Esports Expands Audiences Using Broadcast IP Production & Distribution – Part 2 – The IP Technology
Esports viewership worldwide is on a steep upward trajectory and will soon begin to challenge traditional sports broadcast audience figures. As the esports and traditional sports communities converge, what can traditional broadcasters learn from the remote production workflows being pioneered by one of esports’ major game developers? In part 2 of this two-part series, we look at distribution platforms and infrastructure.
The 2018 LoL Worlds were broadcast in 19 different languages across 30 platforms and television channels, including Twitch, YouTube, ESPN+, OGGN, Facebook, Syfy and TNT Sports. How Riot typically produces and distributes its tournaments is potentially a signpost to the future of sports television broadcasting.
Riot Games is headquartered on a 20-acre campus in West Los Angeles, where one of its buildings houses a fully equipped broadcast facility and maintains 23 other offices worldwide.
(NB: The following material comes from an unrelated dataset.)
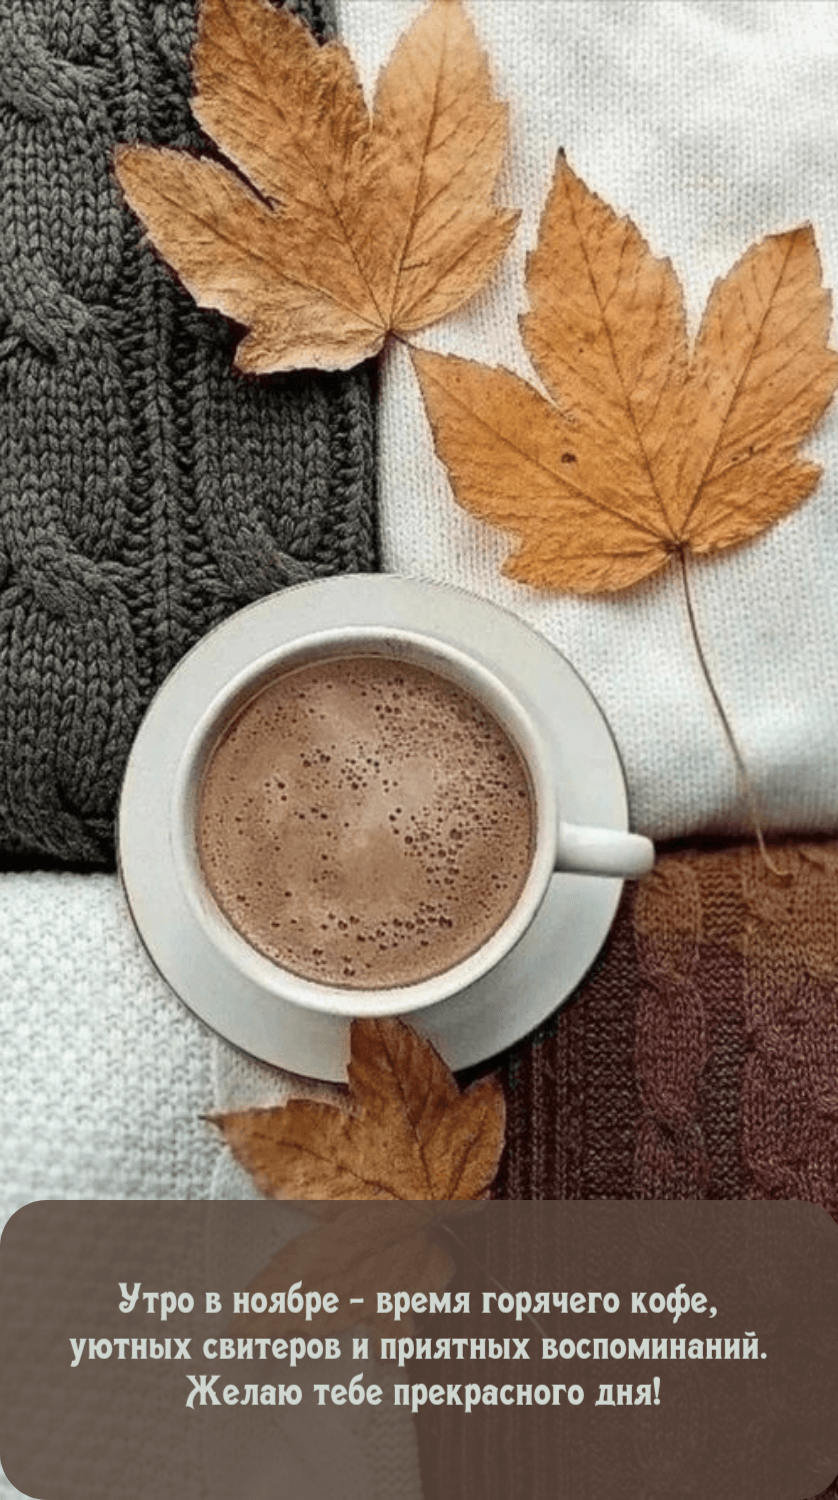 Утро в ноябре - время горячего кофе Прекрасного дня!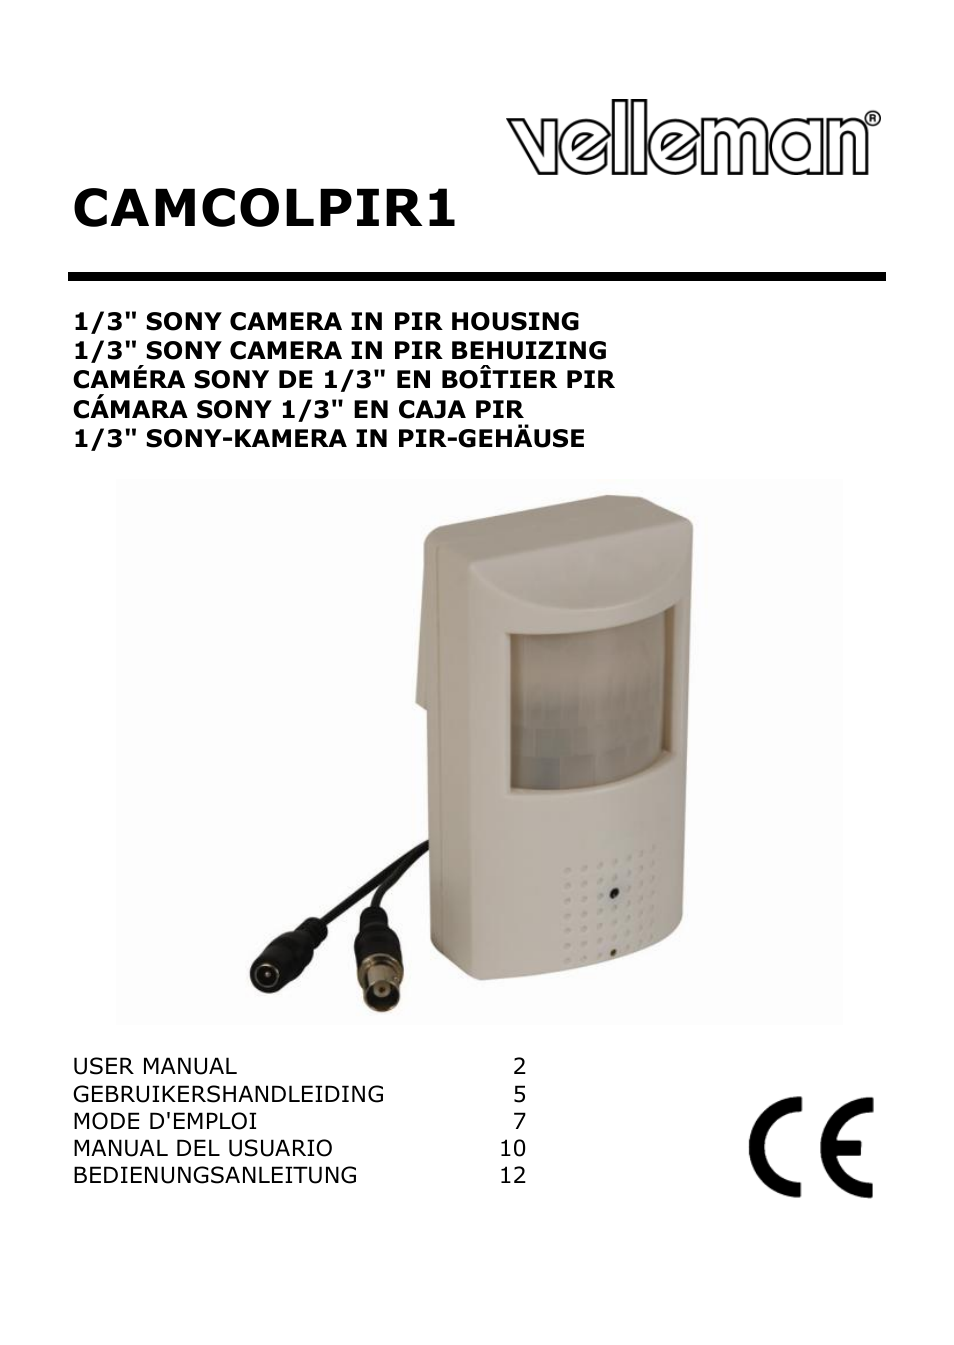 CAMCOLPIR1

Riot has been employing REMI or at-home remote audio and video production workflows for several years, producing broadcasts of the League of Legends Championship Series (LCS) in North America and Europe, the international Mid-Season Invitational (MSI) and the League of Legends World Championship from its L.A. facility.
Production of European competition broadcasts have been transitioned to the LoL European Championship (LEC) studio, which was built out at Riot’s location in Berlin, one of Europe’s major esports hubs, where it moved in 2014. The facility features a Calrec Artemis console in the broadcast audio production room while a Calrec Brio acts as a monitor console for the players, with a CEDAR system eliminating distracting crowd noise from their headsets.
League of Legends is a free-to-play GaaS or game-as-a-service, with approximately 120 million monthly active players and around 25 million playing daily. The largest share of players, roughly 25 percent, are in western Europe, according to server traffic, with Korea only fractionally behind that figure. Nordic and eastern European players combined account for about 13 percent.
The GaaS model enables the developer to keep its fans engaged through constant improvements and updates, charging only for premium content. To support that cloud-based model, the company has built out a worldwide private network, the Riot Direct WAN, which interconnects its servers and offices with a broadband pipe. Part of that ISP’s bandwidth is reserved for production traffic, which is what allows Riot to remotely produce and broadcast events at venues around the world from its L.A. facility.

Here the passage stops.